The Policy That Changed Everything
After user intervention #3, we established a clear policy.
Hypothesis Workflow Policy
When Hypothesis finds a failing test:
Don't reduce max_examples yet! You're in discovery mode.
Hypothesis will shrink the failing case to minimal parameters:
Original failure: budget=247, participants=[...50 items...]
Shrunk to: budget=16, participants=5
- IMMEDIATELY add explicit regression test:
def test_regression_budget_16_participants_5():
"""Edge case discovered by Hypothesis on 2025-11-06.
Original failure: Budget allocation failed with tight budget.

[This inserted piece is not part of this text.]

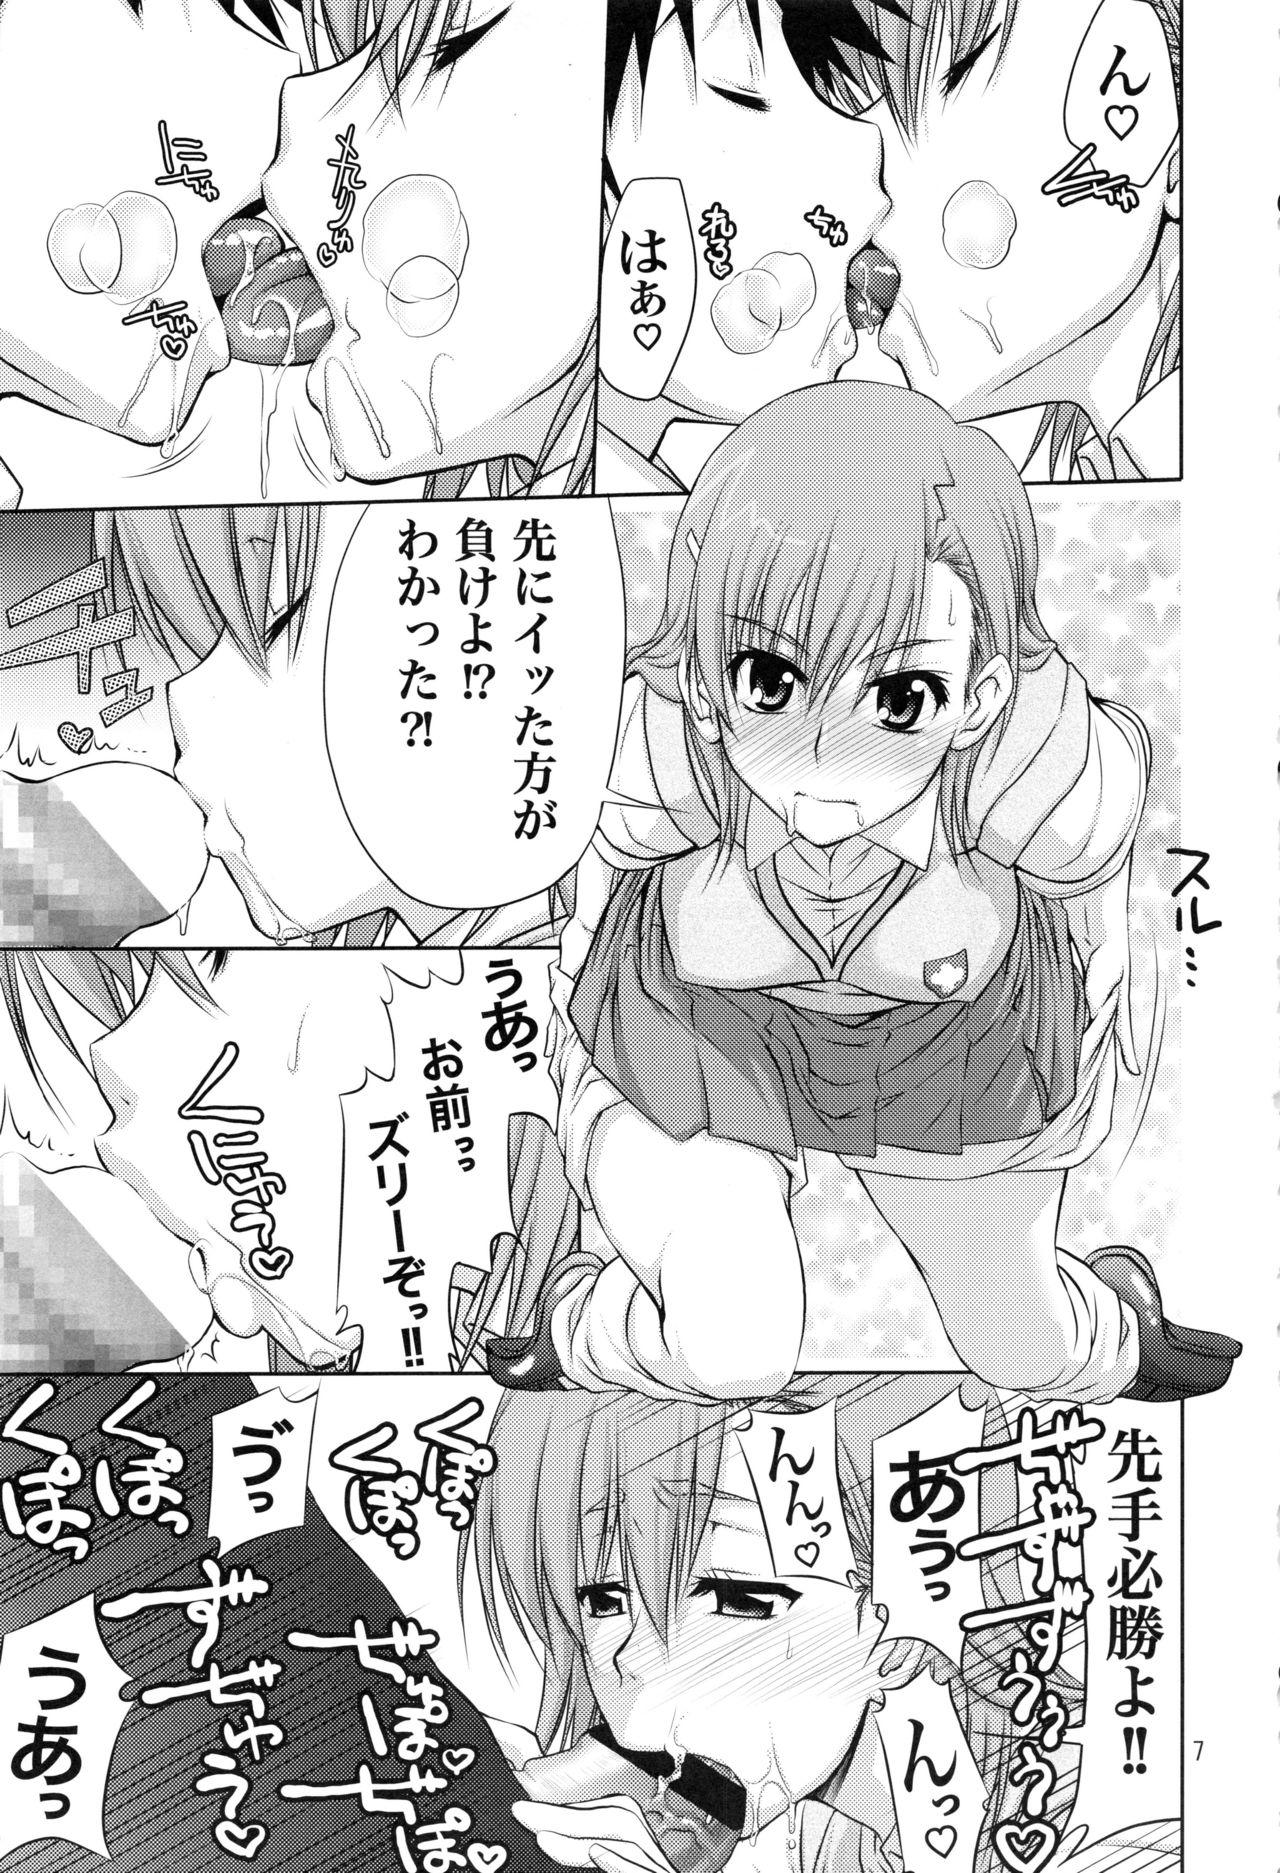 Girlfriend Stairway15 - Toaru majutsu no index Ano natsu de matteru Mayo chiki Guilty crown Dominatrix - Page 6

Root cause: Integer rounding in checks_per_cycle calculation.
"""
participants = [make_participant(f"p{i}") for i in range(5)]
result = apply_budget(participants, budget=16)
assert len(result.allocated) <= 16
-
Document what was learned:
- What parameters triggered failure?
- What was the root cause?
- What pattern does this represent?
Fix the bug, re-run property test with SAME max_examples
Repeat until no more shrinking happens (Hypothesis finds nothing new)
ONLY THEN reduce max_examples for CI
Keep all regression tests even after reducing max_examples
Before Reducing max_examples Checklist
Before changing max_examples=1000 to max_examples=10:
- [ ] All shrunken cases captured as regression tests?
- [ ] Each regression test documented (what/why/when)?
- [ ] Patterns identified (e.g., "tight budgets fail")?
- [ ] Root causes understood and fixed?
- [ ] No recent shrinking (Hypothesis stable)?
Only if all ✅ then reduce max_examples.
Examples: Shrunken Cases We Almost Lost
Example 1: Budget Rounding Edge Case
Hypothesis found:
# Original parameters (from random generation):
budget = 247
participants = [<50 randomly generated participants>]
# After shrinking:
budget = 16
participants = 5 simple participants
What we learned:
# The bug:
checks_per_cycle = int(budget / 60 * 5) # Integer truncation
# With budget=16: int(16/60*5) = int(1.33) = 1
# Should be: accumulator pattern to handle fractional checks
# Without the shrunken case, we might have missed:
# - Tight budgets (10-20/min) are common in production
# - Fractional check rates need accumulation
# - Simple test: budget=16, 5 participants should work
Regression test:
def test_regression_tight_budget_rounding():
"""Tight budgets (10-20/min) must handle fractional checks.
Discovered: 2025-11-06 via Hypothesis shrinking
Parameters: budget=16, participants=5
Root cause: int(16/60*5) = 1, wasting budget
Fix: Rolling accumulator for fractional allocations
"""
participants = [make_participant(f"p{i}") for i in range(5)]
result = apply_budget(participants, budget=16)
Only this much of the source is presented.